The NHT’s reassurance follows an advisory from the Insurance Association of Jamaica (IAJ) that pressure from international reinsurers is forcing a rise in Jamaican property insurance rates within a range of 30-35 per cent.

“Reinsurers are raising their prices to local insurance companies in an attempt to recover from the massive losses they suffered during the recently concluded hurricane season,” said IAJ vice-president Peter Levy in the statement.

“General insurers in Jamaica, whose property portfolios are protected by reinsurance, have had to pass on their increased costs to their clients,” he said.

Asked how its mortgage borrowers would fare, the NHT, in a response channelled through its communications department, said that current rates would hold until mid-summer.

“The National Housing Trust is unable to speculate at this moment as to the impact of any adjustment in insurance premiums from reinsurers on rates to our mortgagors. It must be noted, however, that our mortgagors will continue to pay their existing property insurance premiums until August 2018. Any decrease or increase in insurance premiums will be communicated to our mortgagors by this time,” the state agency said.

In general, the NHT facilitates life and peril insurance coverage for mortgagors. The insurance premiums are rolled into monthly mortgage loan payments.

The NHT, as at August 2017, oversaw 106,000 mortgage loans and a portfolio valued at more than $170 billion. But factoring for the Joint Finance Mortgage Programme through which contributors can obtain financing from the NHT and its partners, the trust said that the portfolio tops $200 billion.

Private mortgage provider Victoria Mutual Building Society said that it was unable to comment on the rate impact because it was yet to be advised by its insurance company, while the JN Group is signalling that mortgage payments are to likely rise.

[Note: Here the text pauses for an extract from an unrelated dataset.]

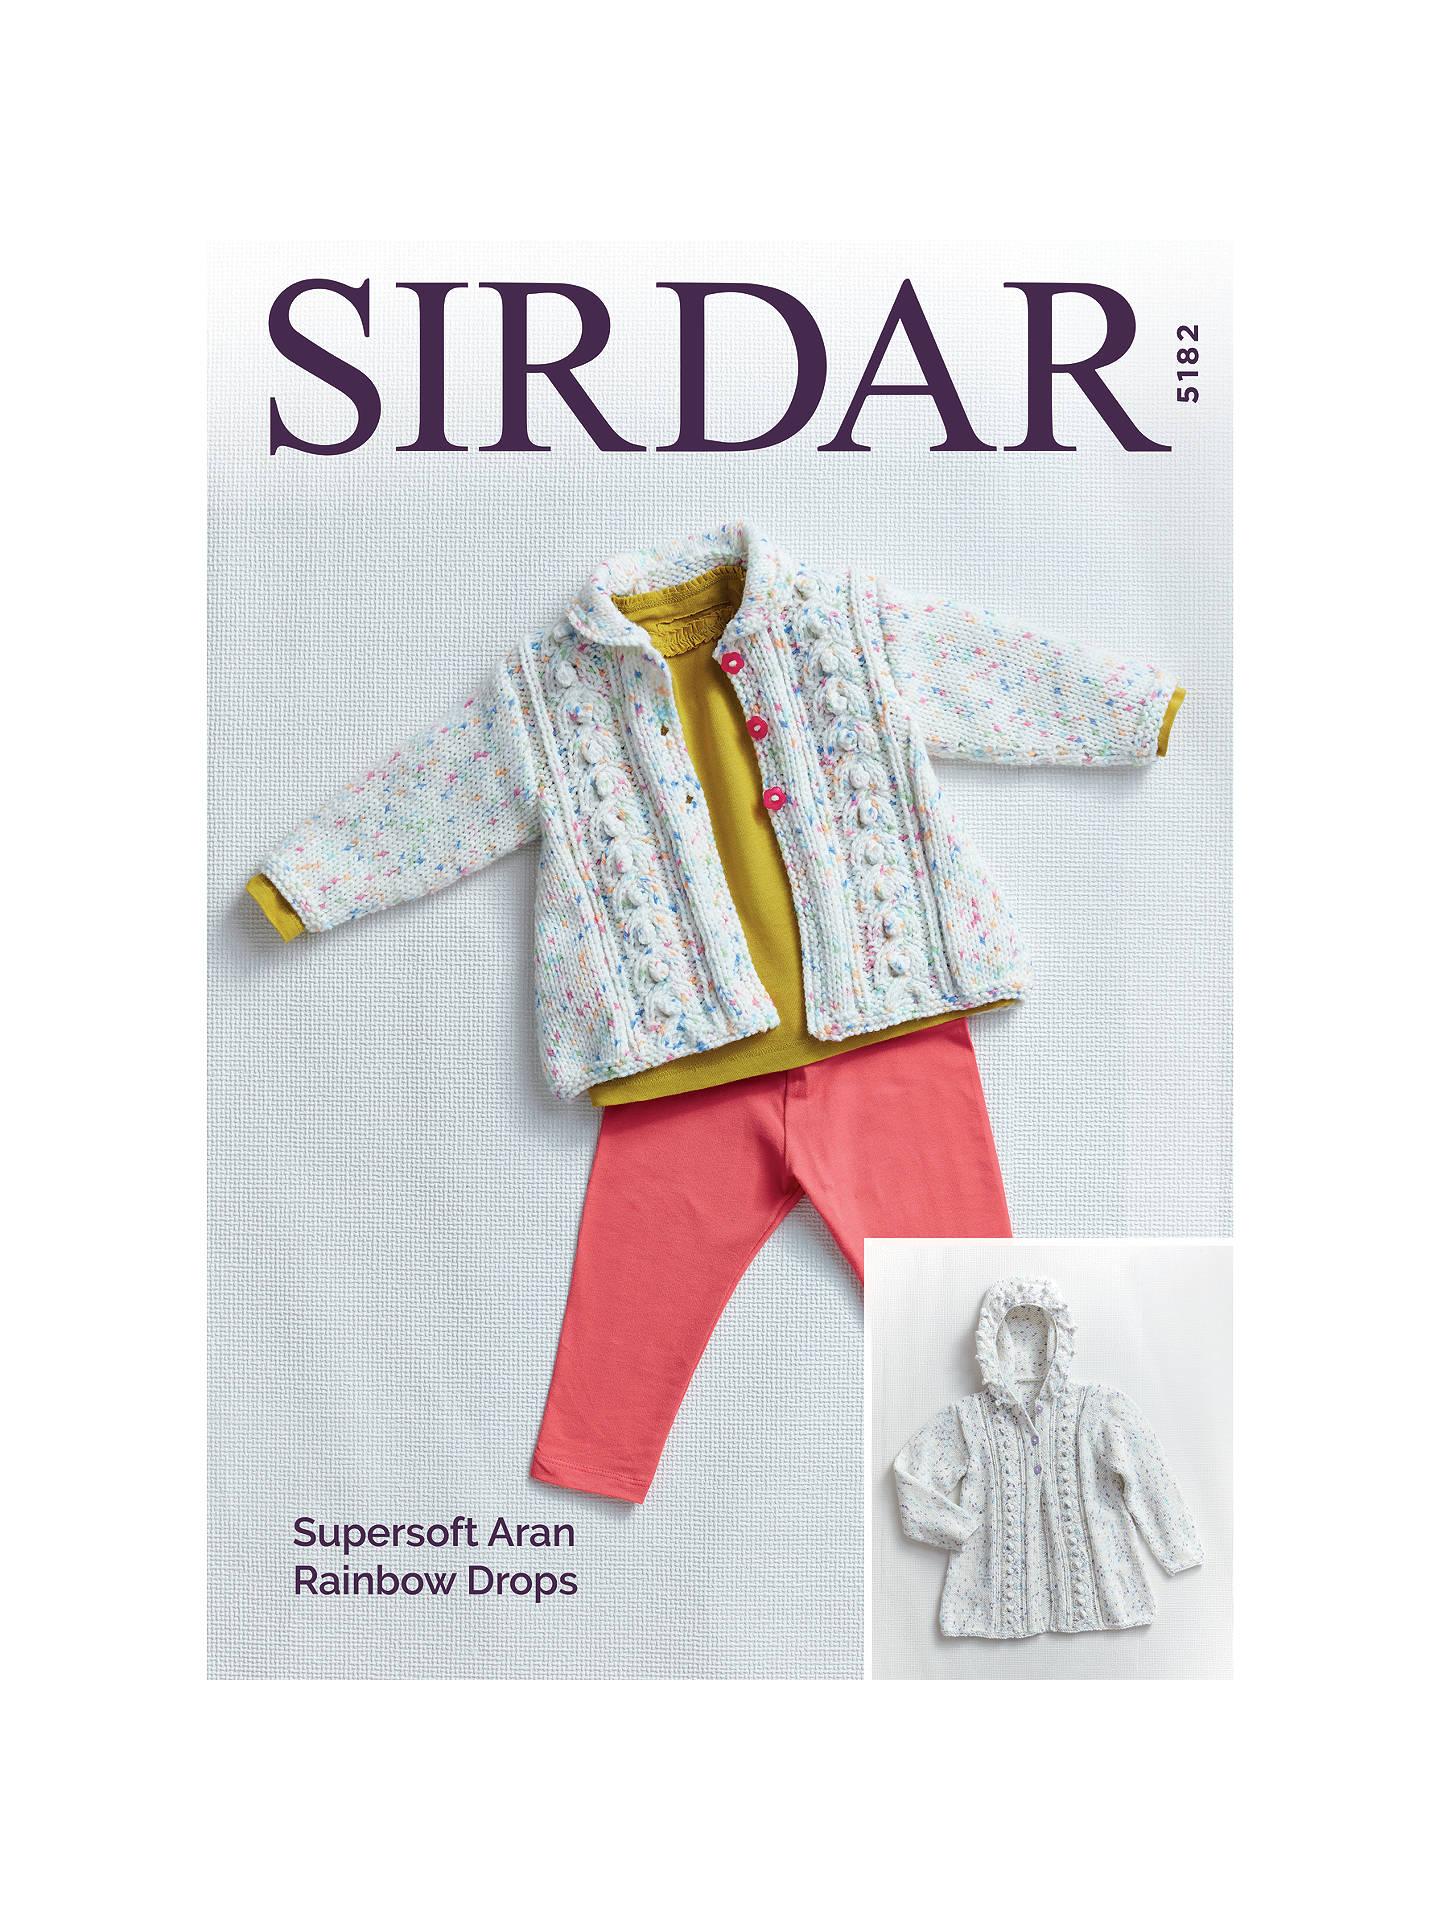 dbdf54bba5db Sirdar Rainbow Drops Aran Baby Cardigans Knitting Pattern

“The percentage increase in monthly payment is dependent on the sum insured and the insurer’s premium rate. Note that an increase in peril insurance rates will result in an adjustment in mortgage payments, where applicable,” JN said via its communications department.

Peril insurance covers fire, earthquake, hurricane, storm, flooding, and wind damage. The NHT said that the peril insurance for strata units or apartments covers the loan balance against loss or damage to the unit.

Levy of the IAJ outlined that while Jamaica was not directly affected by any of the 2017 hurricanes, “the country faces similar risks to Puerto Rico, Dominica, and St Maarten, which suffered devastating blows.” He said that reinsurers pool the premiums from all of their customers to be able to pay for the claims of those suffering damage.

“Up to this year, insurance rates have been at their lowest levels in recent memory. Unfortunately, after the most active hurricane season in more than a decade, that has all changed. Reinsurers expect Jamaican rates to return to the level that they were in the mid-2000s,” he said.

Lloyd’s, the leading international reinsurance market, recently reported that it has so far paid claims worth US$1.7 billion to cover damage from Hurricanes Harvey, Irma, and Maria. And German reinsurer Munich Re announced in November that it faced US$3.72 billion in claims, mostly from Hurricanes Harvey, Irma, and Maria, the IAJ said.